Huntington's disease (HD) and spinocerebellar ataxia type 7 (SCA7) belong to a group of inherited neurodegenerative diseases caused by polyglutamine (polyQ) expansion in corresponding proteins. Transcriptional alteration is a unifying feature of polyQ disorders; however, the relationship between polyQ-induced gene expression deregulation and degenerative processes remains unclear. R6/2 and R7E mouse models of HD and SCA7, respectively, present a comparable retinal degeneration characterized by progressive reduction of electroretinograph activity and important morphological changes of rod photoreceptors. The retina, which is a simple central nervous system tissue, allows correlating functional, morphological and molecular defects. Taking advantage of comparing polyQ-induced degeneration in two retina models, we combined gene expression profiling and molecular biology techniques to decipher the molecular pathways underlying polyQ expansion toxicity. We show that R7E and R6/2 retinal phenotype strongly correlates with loss of expression of a large cohort of genes specifically involved in phototransduction function and morphogenesis of differentiated rod photoreceptors. Accordingly, three key transcription factors (Nrl, Crx and Nr2e3) controlling rod differentiation genes, hence expression of photoreceptor specific traits, are down-regulated. Interestingly, other transcription factors known to cause inhibitory effects on photoreceptor differentiation when mis-expressed, such as Stat3, are aberrantly re-activated. Thus, our results suggest that independently from the protein context, polyQ expansion overrides the control of neuronal differentiation and maintenance, thereby causing dysfunction and degeneration.

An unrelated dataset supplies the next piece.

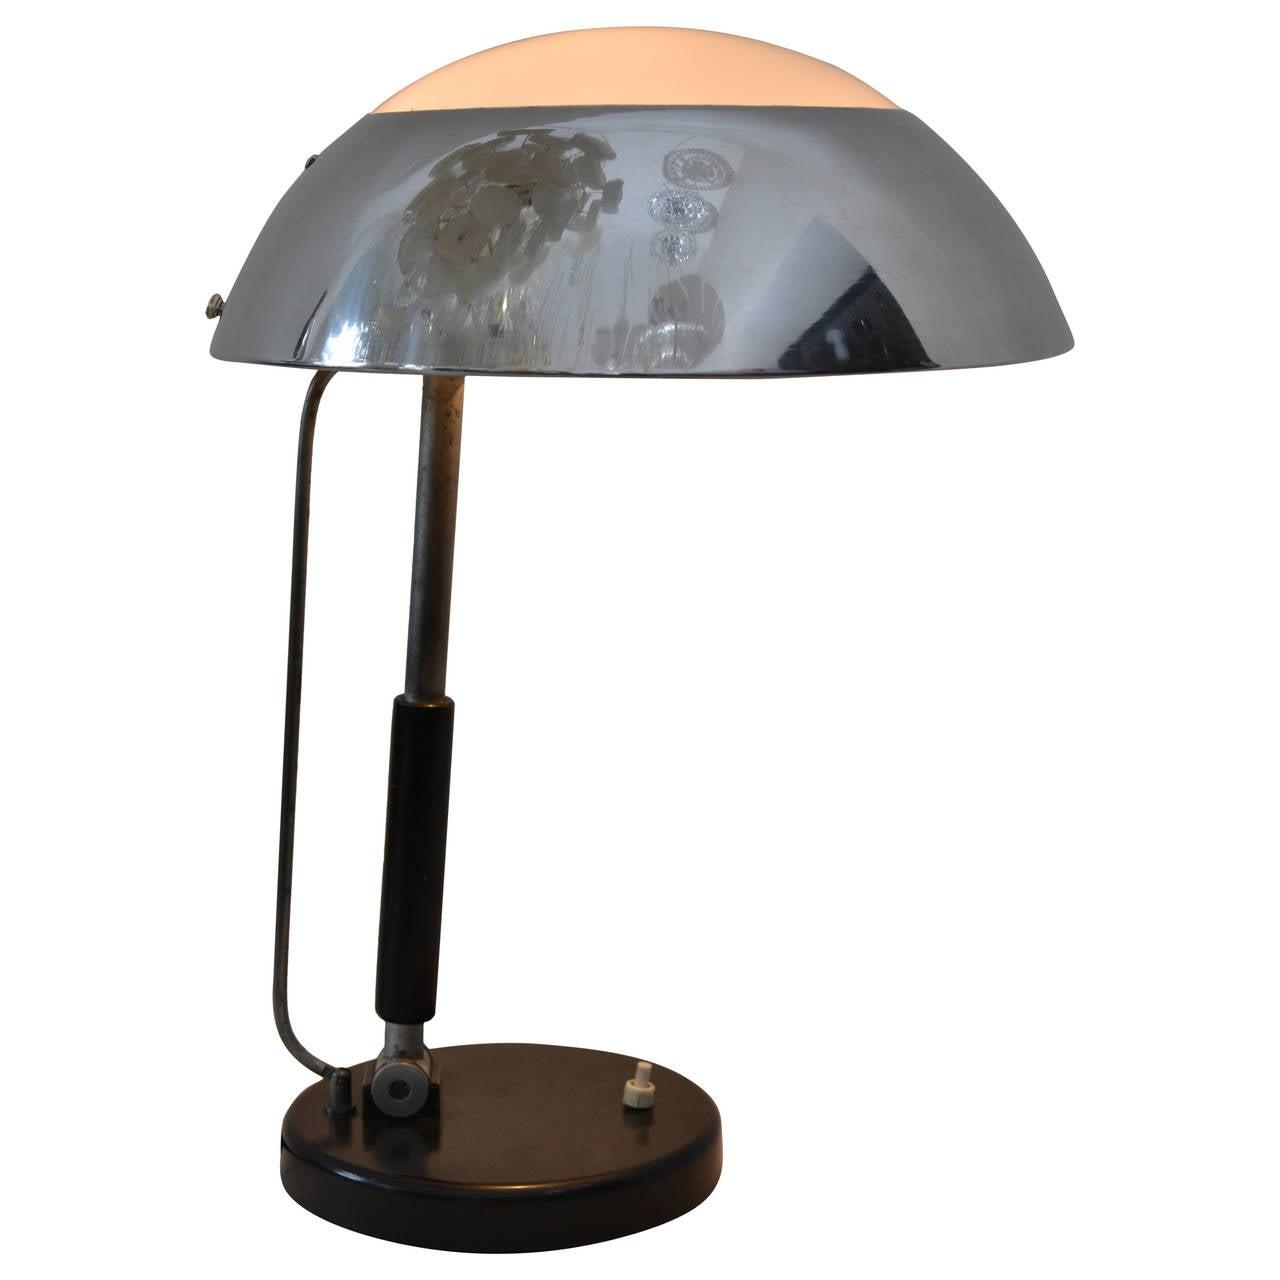 karl trabert industrial design desk lamp for sale at 1stdibs ForIndustrial Design Table Lamps

Disease progression despite early loss of polyglutamine protein expression in SCA7 mouse model.

Nine neurodegenerative diseases including Huntington's disease (HD) and spinocerebellar ataxia type 7 (SCA7) are caused by an expansion of a polyglutamine (polyQ) stretch in the respective proteins. Aggregation of expanded polyQ-containing proteins into the nucleus is a hallmark of these diseases. Recent evidence indicates that transcriptional dysregulation may contribute to the molecular pathogenesis of these diseases. Using SCA7 and HD mouse models in which we recently described a retinal phenotype, we investigated whether altered gene expression underlies photoreceptor dysfunction. In both models, rhodopsin promoter activity was early and dramatically repressed, suggesting that downregulation of photoreceptor-specific genes plays a major role in polyQ-induced retinal dysfunction. Because the rhodopsin promoter drives mutant ataxin-7 expression in our SCA7 mice, we also assessed whether downregulation of mutant SCA7 transgene would reverse retinopathy progression and aggregate formation. Although residual expression of mutant ataxin-7 was found negligible from 9 weeks of age, SCA7 transgenic mice showed a progressive decline of photoreceptor activity leading to a complete loss of electroretinographic responses from 1 year of age. At this age, aggregates were cleared in only half of the photoreceptors, indicating that their formation is not fully reversible in this model. We demonstrate here that abolishing full-length mutant ataxin-7 expression did not reverse retinopathy progression in SCA7 mice, raising the possibility that some polyQ-induced pathological events might be irreversible.